Raw data -
+ + +

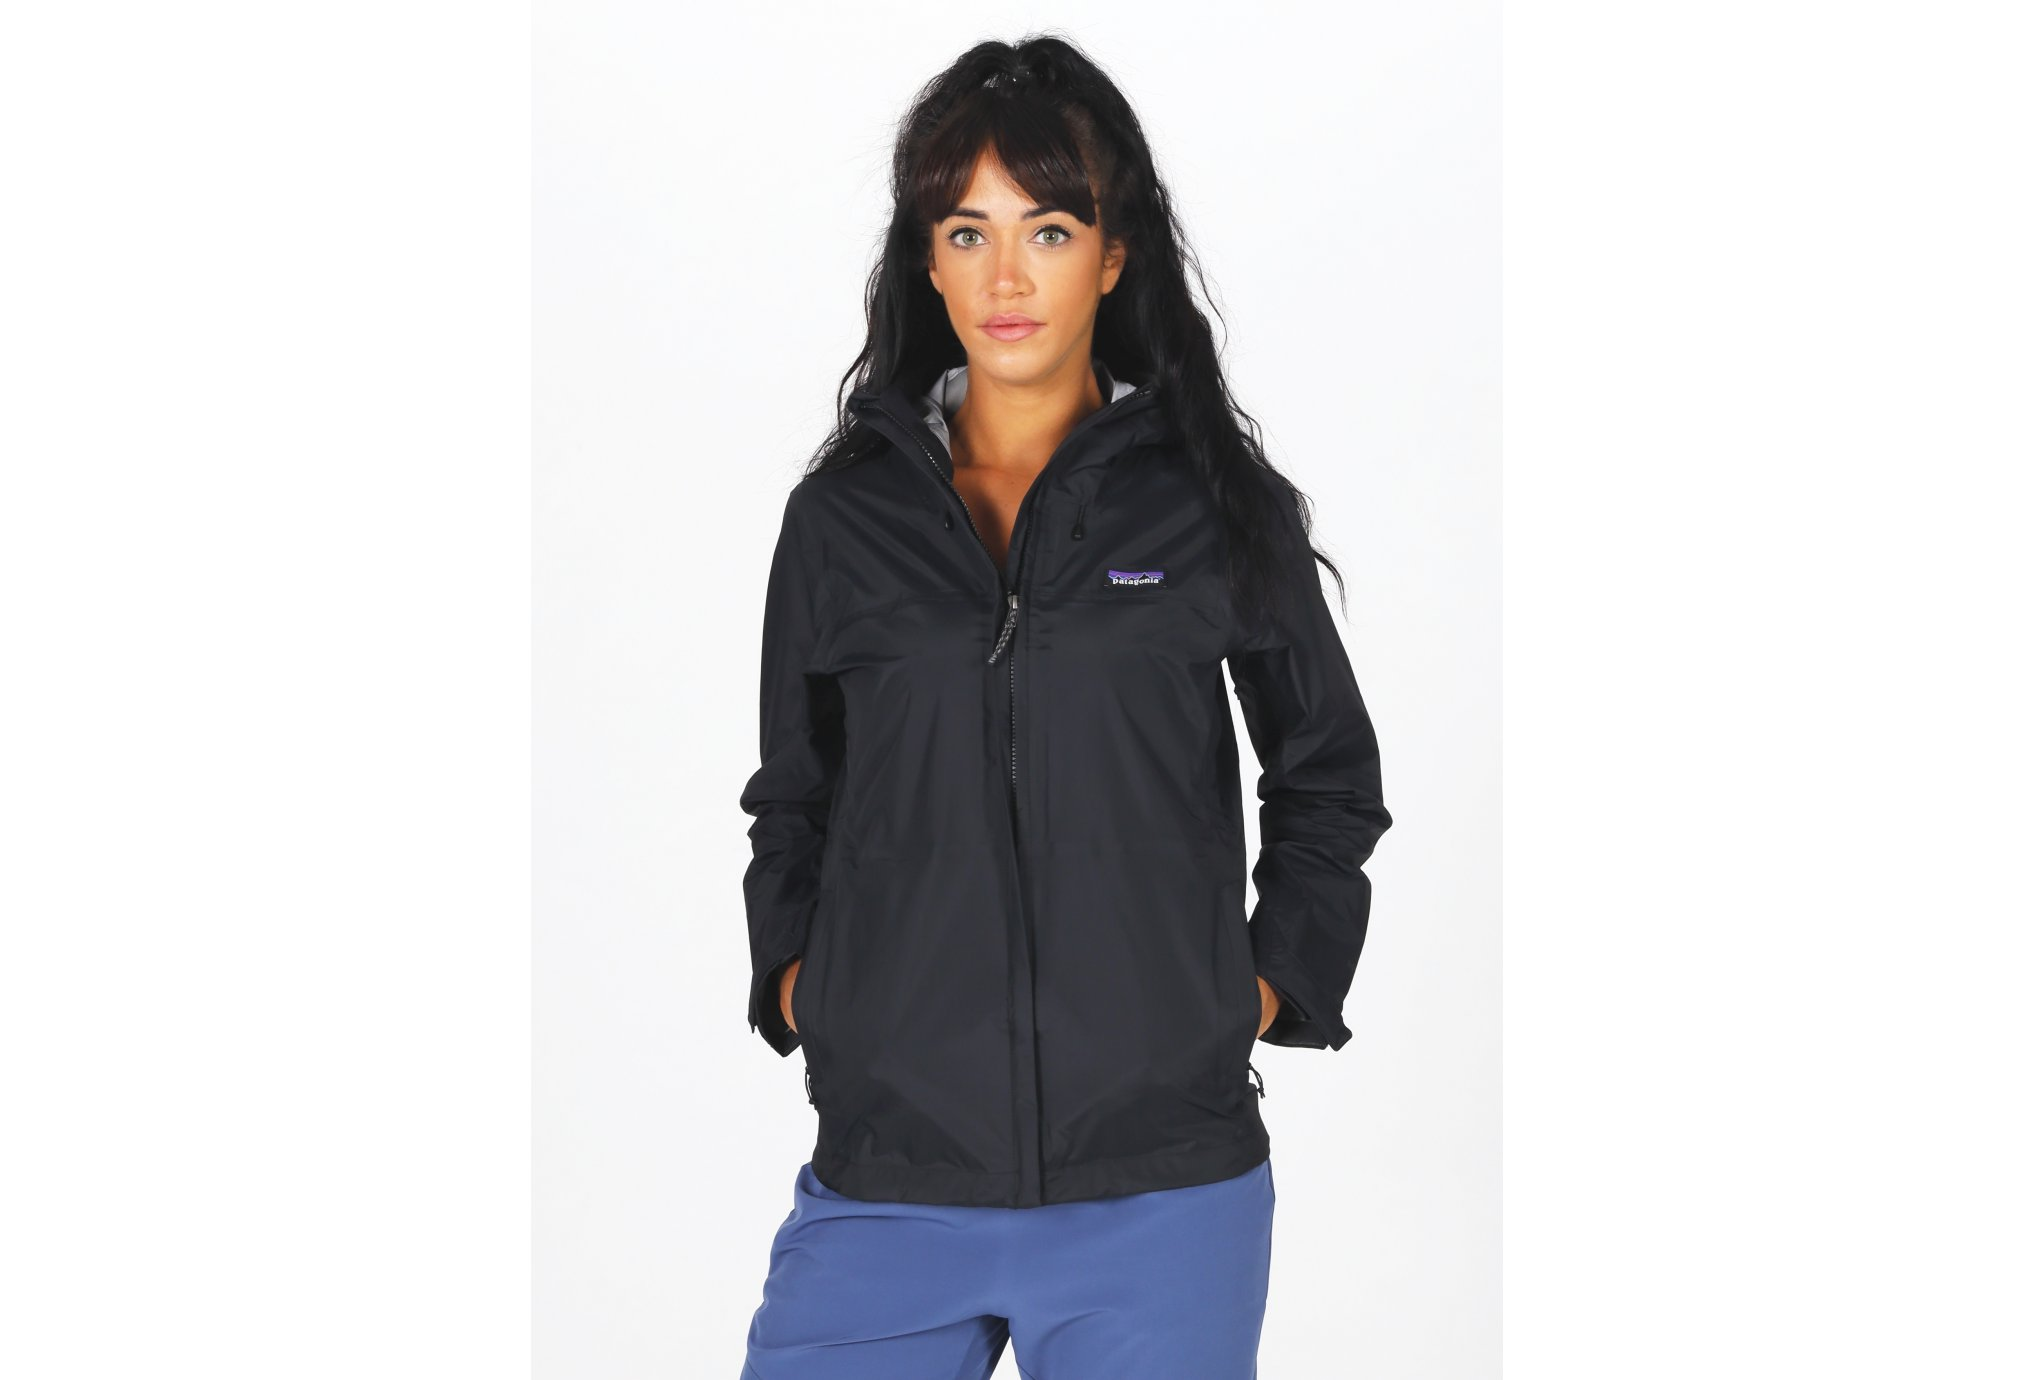 Patagonia Torrentshell 3L W vêtement running femme
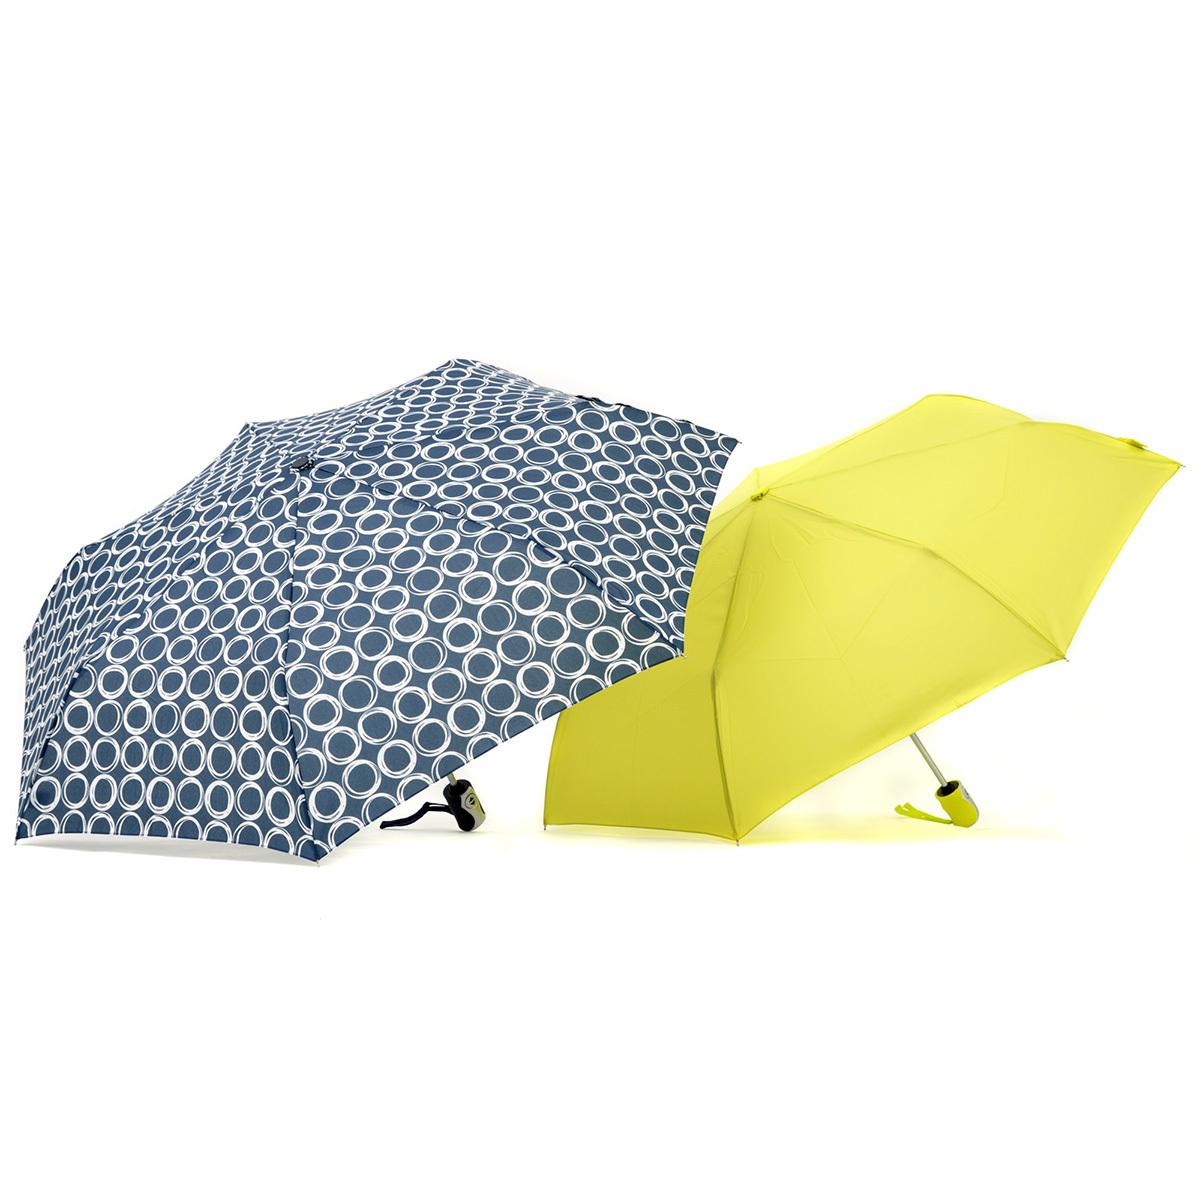 Costco en Linea: 2 paraguas Ezpeleta
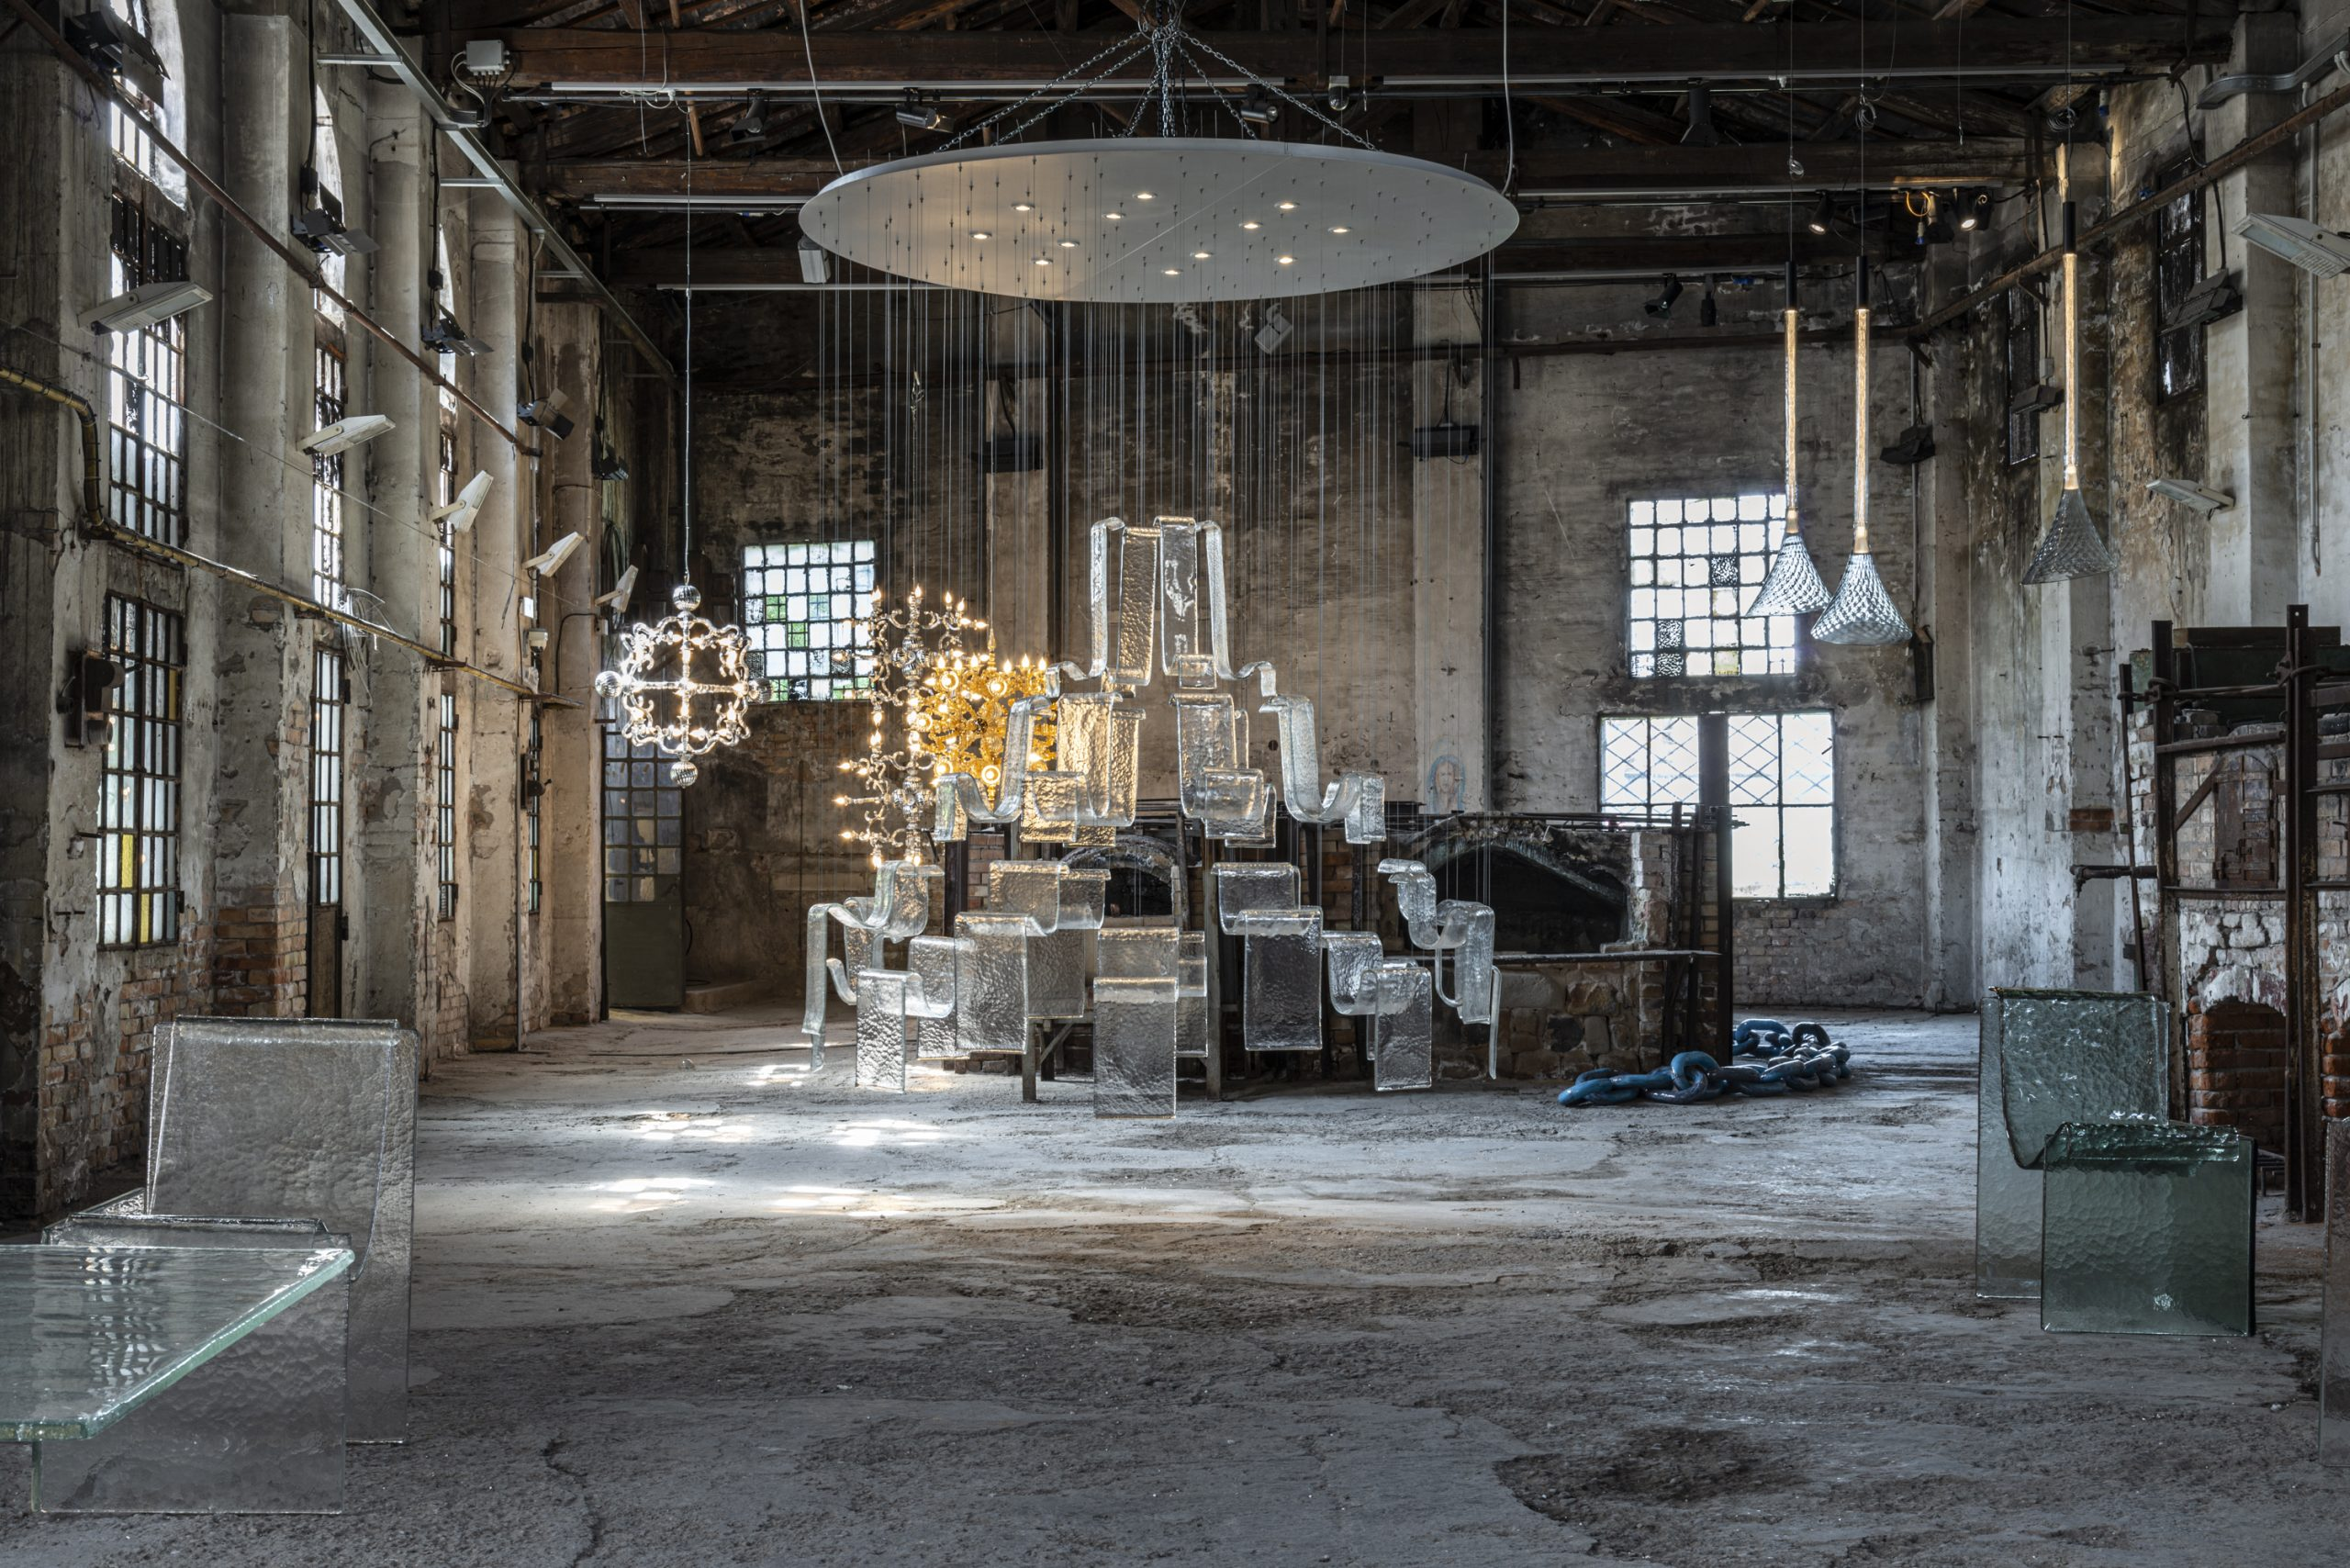 Exhibition-Overview-Room-07-@-Fondazione-Berengo-Art-Space-Murano-©-Leonardo-Duggento-01-1-scaled-1

+ + +

What you need to do -
Every line from the one bearing "Costco en Linea: 2 paraguas Ezpeleta" through the end of the data above must be output exactly, and no picture may appear.

Solution to this problem -
 Costco en Linea: 2 paraguas Ezpeleta
 Exhibition-Overview-Room-07-@-Fondazione-Berengo-Art-Space-Murano-©-Leonardo-Duggento-01-1-scaled-1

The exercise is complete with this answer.